It is one of those moments when the words of John 12:25 (“Those who love their life lose it, and
those who hate their life in this world will keep it for eternal life”) carry a deep resonance.
Because we
stand at the edge of a time when the future may call not simply for revival of
the sort that Protestantism has seen so regularly that each wave receives its
own name, like a hurricane (“The Pietist Movement”, “The Great Awakening”, “The
Second Great Awakening”, “The Azusa Street Revival”, and so on), but for a more
thoroughgoing mission to a culturally non-Christian or even non-theistic
culture, it behooves us to consider how earlier
examples of attempts to meet missional need have called the Church to alter its
own ways, rather than insist that the
evangelized turn their backs on every established aspect of their lives. Sister Joan holds that particular instance up
as a precursor to the ideals she sees expressed in the decrees of the Second
Vatican Council, where
“…missionaries are, in the too lately discovered spirit of
the Jesuit missionary Matteo Ricci, to be more presence than proselytes [sic].
They are to become enculturated and, as quickly as possible, enable the
new church to become native. The purpose
of missionary activity is not simply to convert people to a Western form of
Catholicism. It is to allow the culture
to flourish in a native church.”[3]
Matteo Ricci’s work was indeed highly successful but because
it displayed flux in both ideas and structure he was charged with error and the
confusion that came in its wake lasted for generations on three continents. As the United Methodist Church passes through
a time when regional difference threatens schism across and within continents,
there is some comfort in recognizing that as nothing peculiar to our own age,
but an inevitable byproduct of any attempt at true change.
Before
looking at Ricci’s missionary efforts, which took place in China astraddle the
sixteenth and seventeenth centuries, it would be good to glance at one approach
used in the introduction of Christianity into Northern Europe a thousand years
earlier. Setting aside the earlier traditions of Celtic
Christianity that had largely been driven out of Britain with the advance of
Germanic tribes, the evangelization (or re-evangelization) of Britain under
Anglo-Saxon hegemony was carried out at the instigation and under the direction
of Rome. Bede’s Ecclesiastical History [chapter xxx] records that in the year 601
Pope Gregory directed the missionary monk Mellitus how to go about winning over
the hearts and minds of the pagans.
“…the temples of the idols in that nation ought not
to be destroyed; but let the idols that are in them be destroyed; let water be
consecrated and sprinkled in the said temples, let altars be erected, and
relics placed there. For if those
temples are well built, it is requisite that they be converted from the worship
of devils to the service of the true God; that the nation, seeing that their
temples are not destroyed, may remove error from their hearts, and knowing and
adoring the true God, may the more freely resort to the places to which they
have been accustomed. And because they
are used to slaughter many oxen in sacrifice to devils, some solemnity must be
given them in exchange for this, as that on the day of the dedication, or the
nativities of the holy martyrs whose relics are there deposited, they should
build themselves huts of the boughs of trees about those churches which have
been turned to that use from being temples, and celebrate the solemnity with
religious feasting, and no more offer animals to the Devil, but kill cattle and
glorify God in their feast, and return thanks to the Giver of all things for
their abundance, to the end that, whilst some outward gratifications are
retained, they may the more easily consent to the inward joys.”[4]
Here, in
short, Pope Gregory encourages the maintenance of institutional structure in
order to limit flux in the cultural sphere.

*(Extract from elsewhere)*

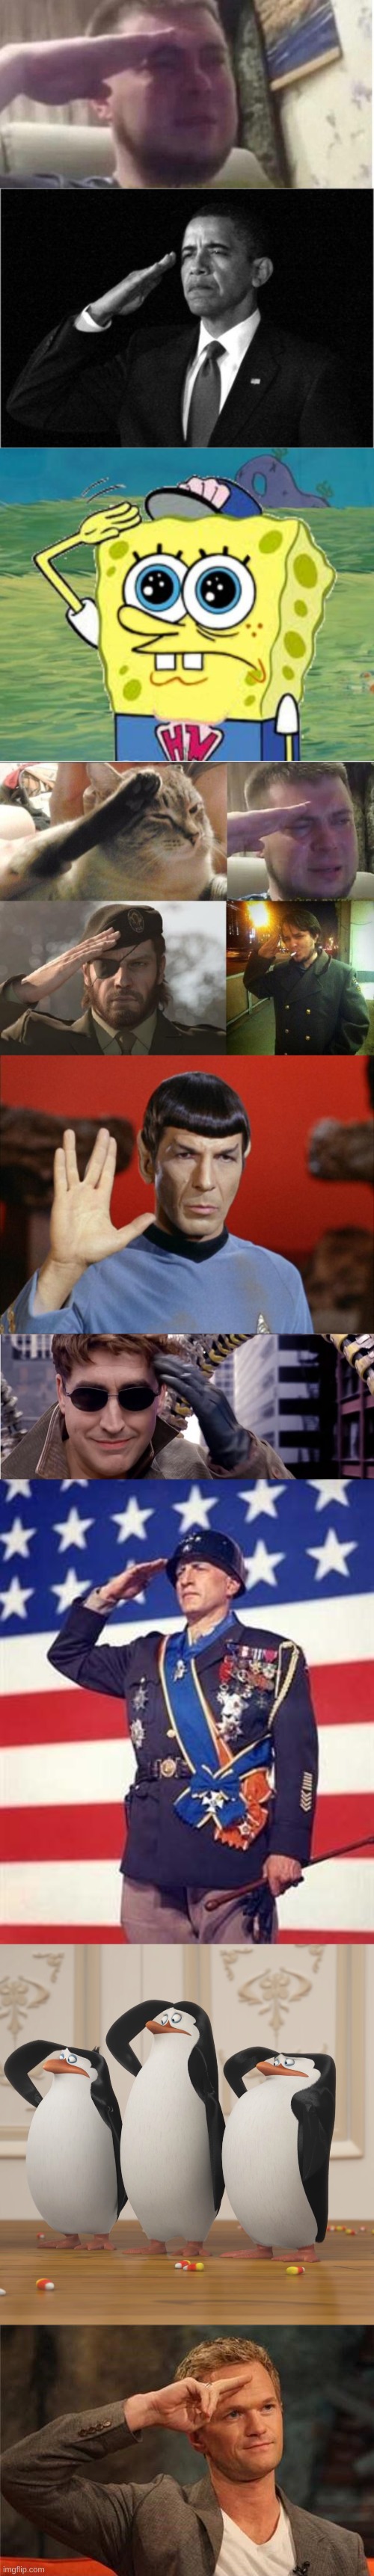 image tagged in crying salute,obama-salute,spongebob salute,ozon's salute,spock salute,salute | made w/ Imgflip meme maker
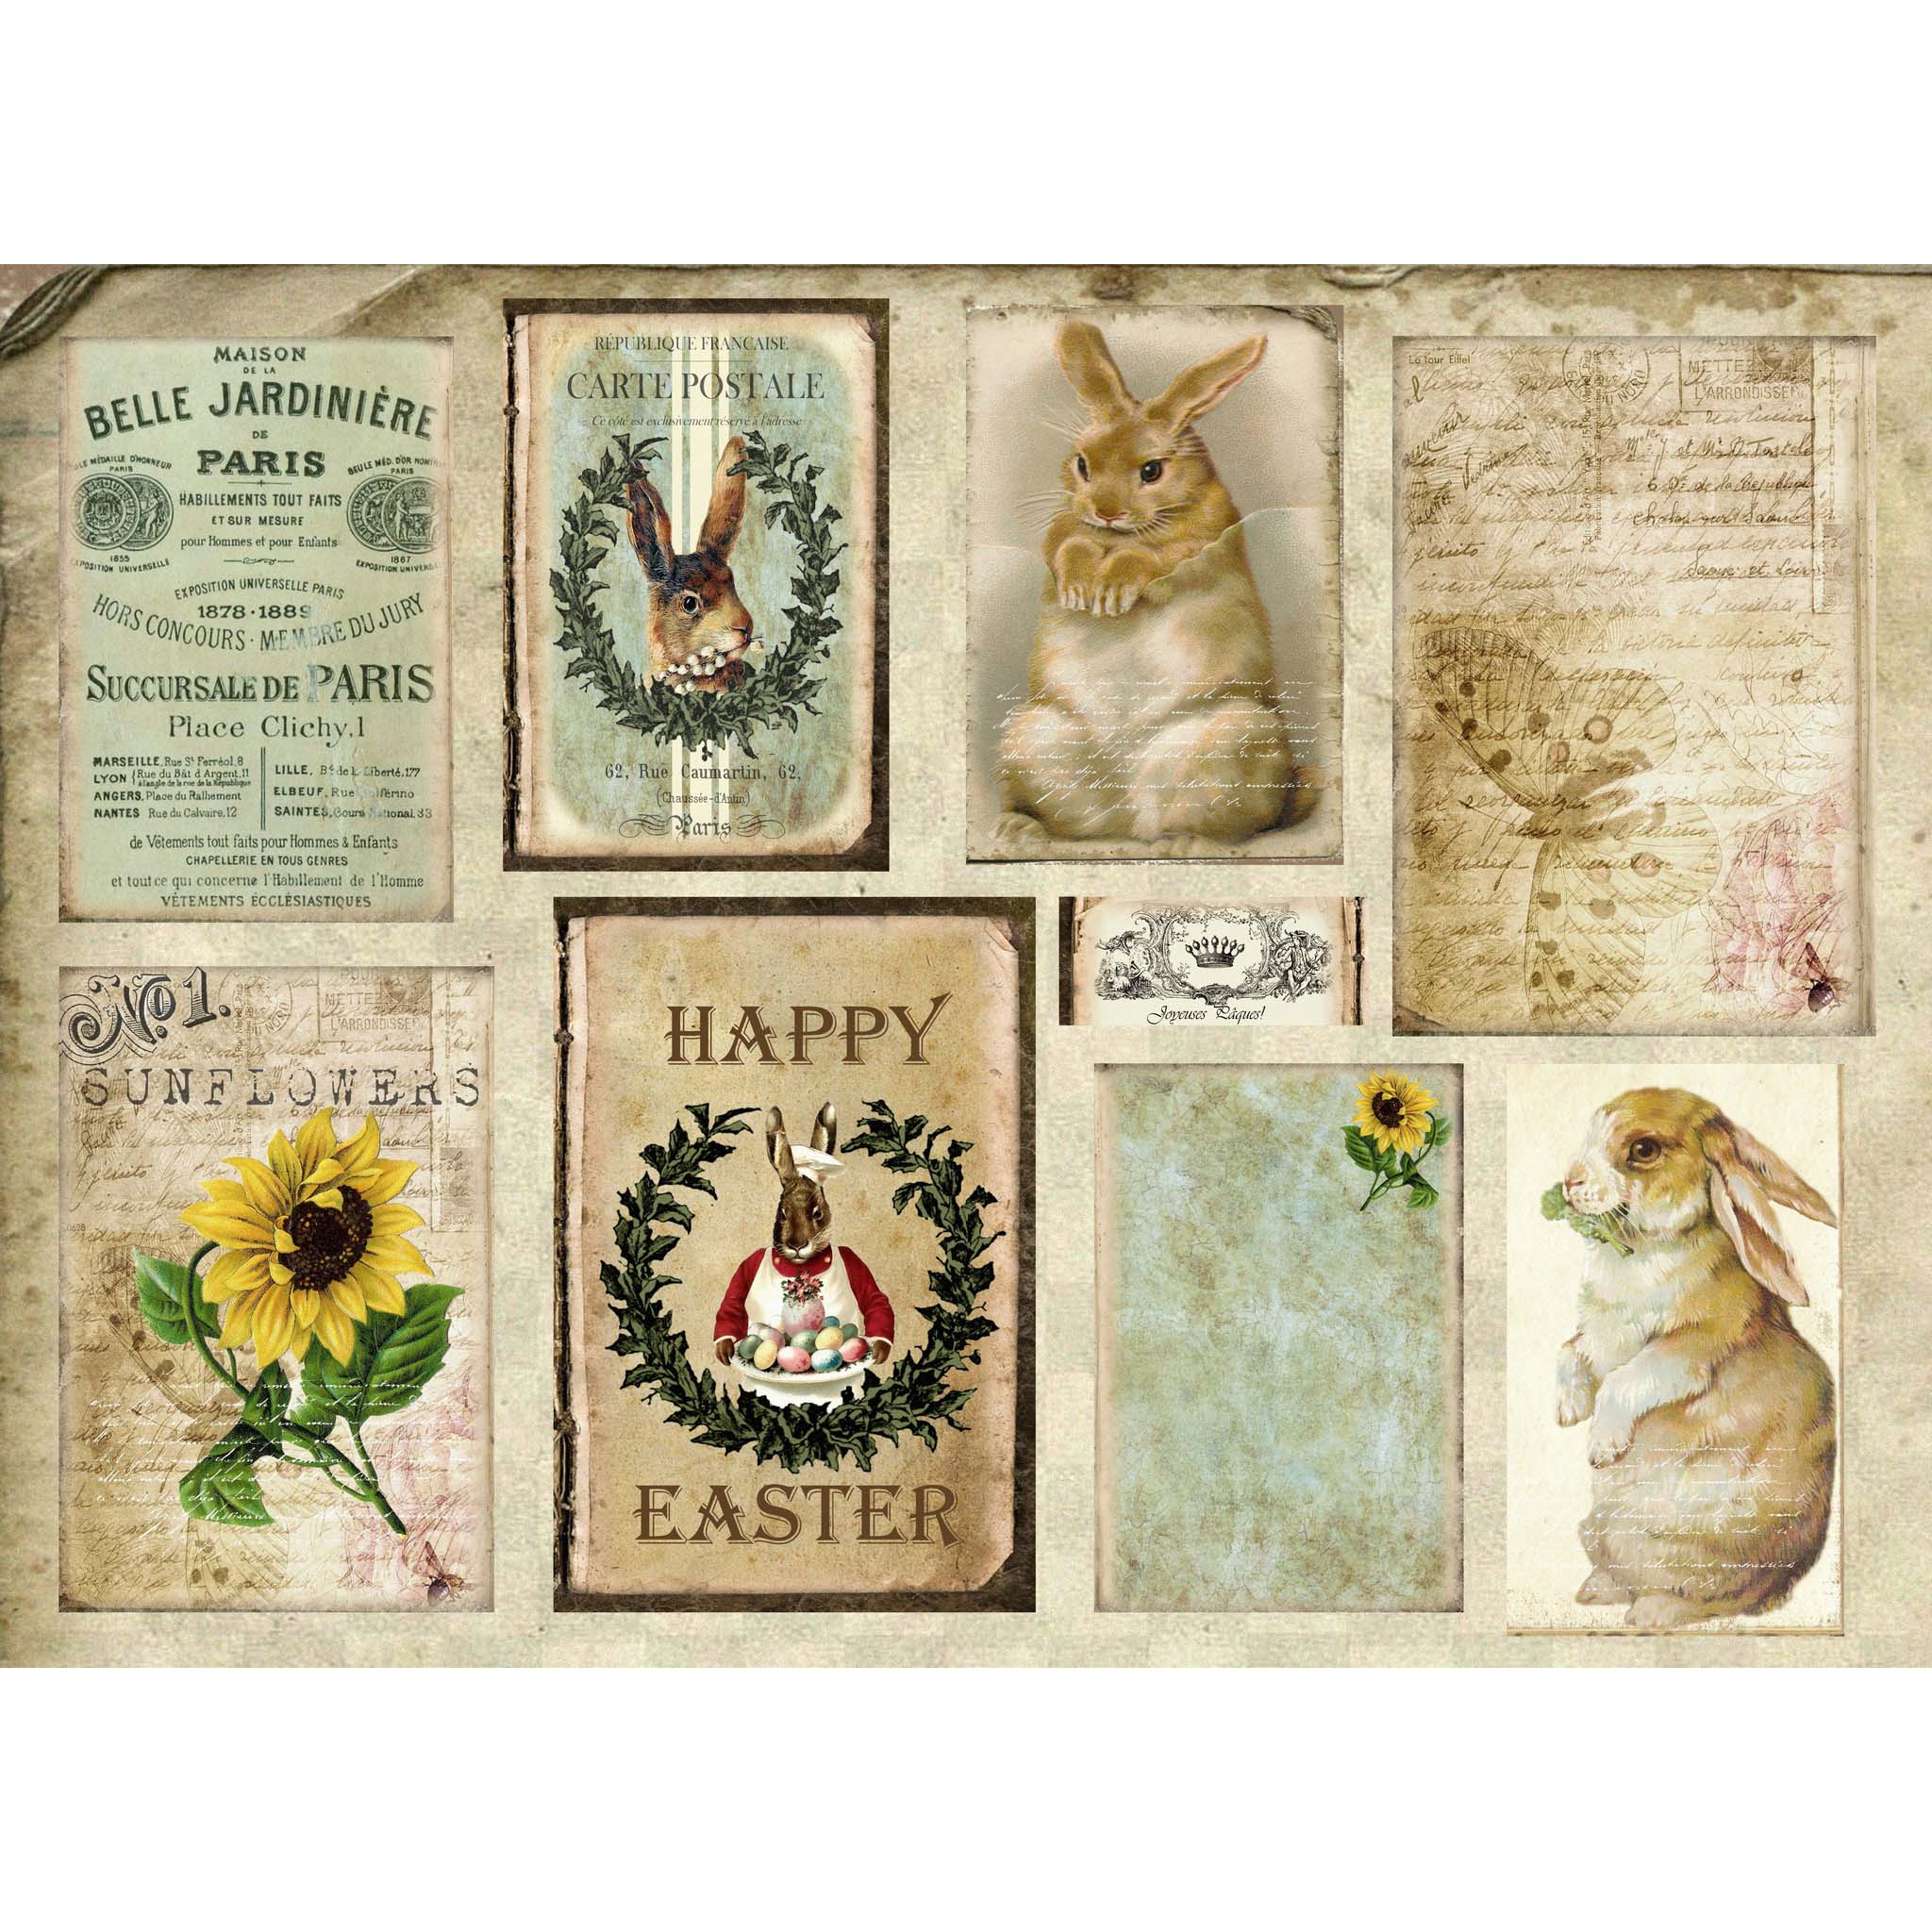 Tissue paper that features 9 unique vintage-style designs including bunnies, sunflowers, and an easter image, some set on old documents with French script. White borders are on the top and bottom.

This would, he judged, reduce resistance to the transformation of ideas.
Gregory’s approach was not the only
one open to him, and in June of 601, only a month before writing to Mellitus,
he had written to King Ethelbert of Kent, a convert to Christianity, advising a
harsh suppression of paganism and the destruction of its shrines. One writer, considering the contradictory
papal instructions, posits a reason based on the insufficiency of either alone.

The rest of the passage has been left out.